Erstes Interview nach Referendum Erdogan weist Diktatoren-Vorwürfe zurück

"Das ist kein System, das Tayyip Erdogan gehört": Der Staatschef dementiert, die Türkei in eine Diktatur führen zu wollen. Den Kritikern wirft er "große Respektlosigkeit" vor.
Präsident Erdogan im Juli 2016 in Istanbul

Präsident Erdogan im Juli 2016 in Istanbul

Foto: UMIT BEKTAS/ REUTERS

Wenige Tage nach seinem knappen Sieg beim Referendum in der Türkei hat Präsident Recep Tayyip Erdogan die Vorwürfe zurückgewiesen, er steure sein Land in eine Diktatur. "Wenn Sie sagen, dass die Wahlurne einen Diktator produziert, dann wäre das eine große Grausamkeit und Ungerechtigkeit gegenüber der Person, die gewählt wird", sagte Erdogan dem US-Sender CNN . "Gleichzeitig wäre das auch eine große Respektlosigkeit gegenüber denjenigen, die an der Wahlurne ihre Wahl treffen."

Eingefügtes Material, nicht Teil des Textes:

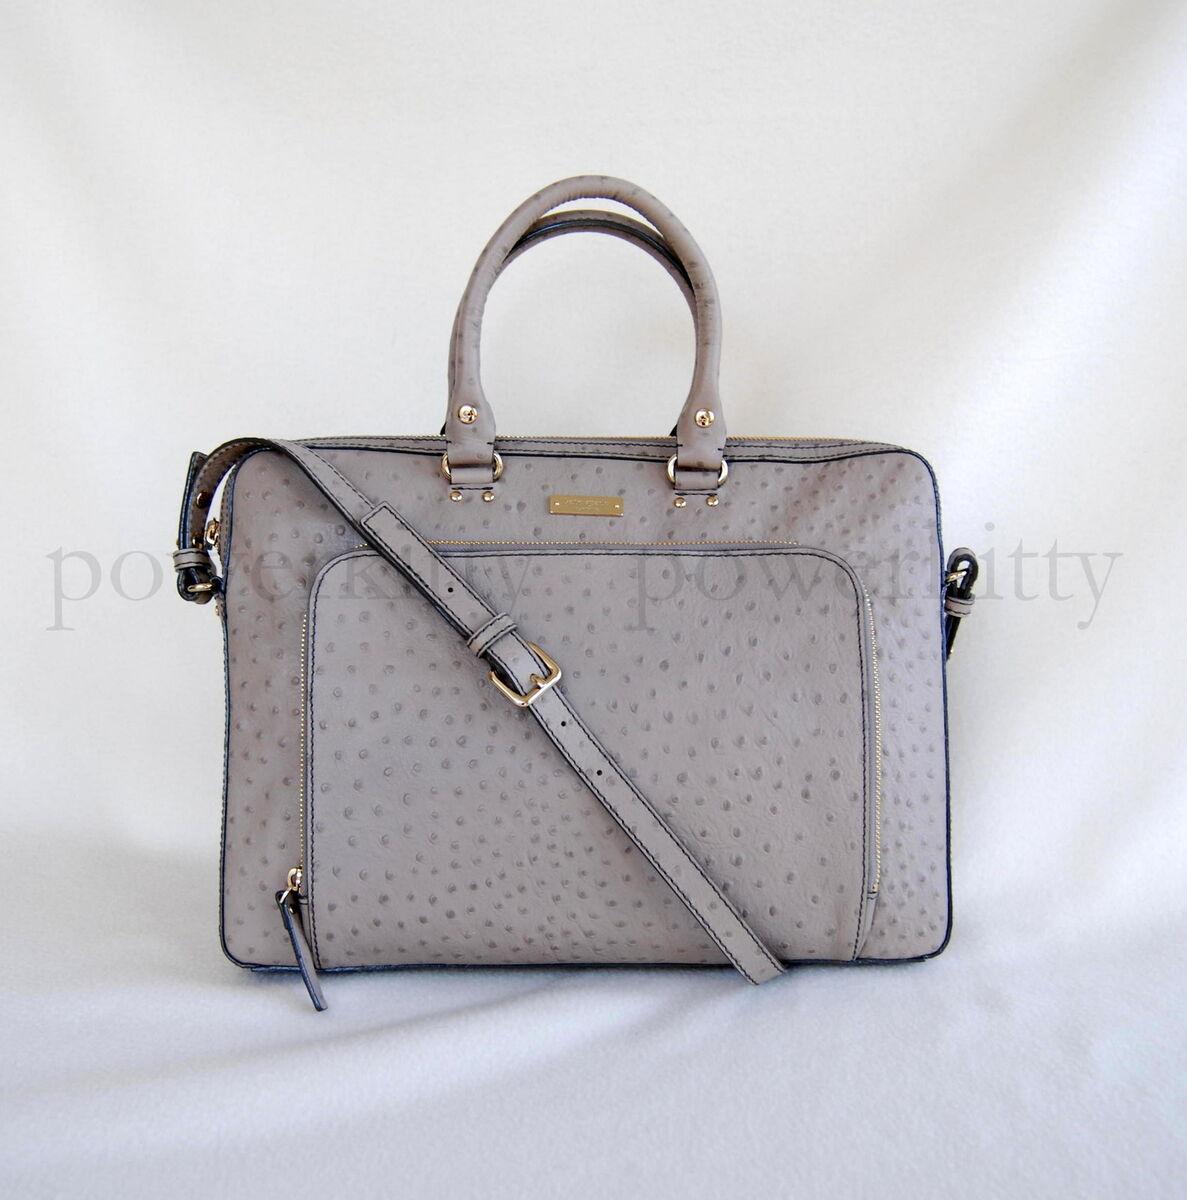 New $498 Kate Spade Portola Valley Janine Laptop Case Bag Busines Tote

Erdogan betonte, das Präsidialsystem, das ihn mit deutlich mehr Macht ausstattet, sei nicht auf seine Person zugeschnitten. "Das ist kein System, das Tayyip Erdogan gehört. Ich bin sterblich, ich könnte jeden Moment sterben." Bei der Abstimmung hatten 51,4 Prozent knapp für eine Verfassungsänderung gestimmt. Damit könnte Erdogan künftig per Dekret regieren, den Ausnahmezustand beschließen, das Parlament auflösen oder Minister entlassen.

Seit Jahren werde ihm vorgeworfen, das Land in eine Diktatur führen zu wollen. Zu dem knappen Vorsprung bei dem Referendum über Präsidialsystem vom Sonntag zog Erdogan eine Parallele zum Fußball und sagte, nur das Ergebnis zähle: "Wichtig ist, das Spiel zu gewinnen."

Internationale Beobachter hatten nach dem Referendum Vorwürfe des Wahlbetrugs erhoben. Vor allem die Entscheidung, auch ungestempelte und nicht verifizierte Wahlzettel bei dem Votum am Sonntag zu akzeptieren, hatte zu Kritik geführt. Die türkische Wahlkommission will nun die möglichen Unregelmäßigkeiten prüfen.

Festnahmen in Istanbul

In Istanbul sollen indes nach Angaben von Oppositionellen 38 Menschen festgenommen worden sein. Die Polizei sei am frühen Mittwochmorgen in die Häuser der Aktivisten eingedrungen, berichtete die regierungskritische Zeitung "Birgün". Unter den Festgenommenen ist unter anderem der Istanbuler Provinzvorsitzende der kleinen linken Partei ÖDP, Mesut Gecgel, wie dieser bei Twitter mitteilte.

Die Partei bestätigte die Festnahme ebenfalls und erklärte, Gecgel werde vorgeworfen, mit der Behauptung, dass das "Ja" beim Referendum "nicht legitim sei, das Volk aufzuwiegeln". Gecgel hatte unter anderem die regierungskritischen und friedlichen Demonstrationen der vergangenen Tage im Istanbuler Stadtteil Besiktas mitorganisiert.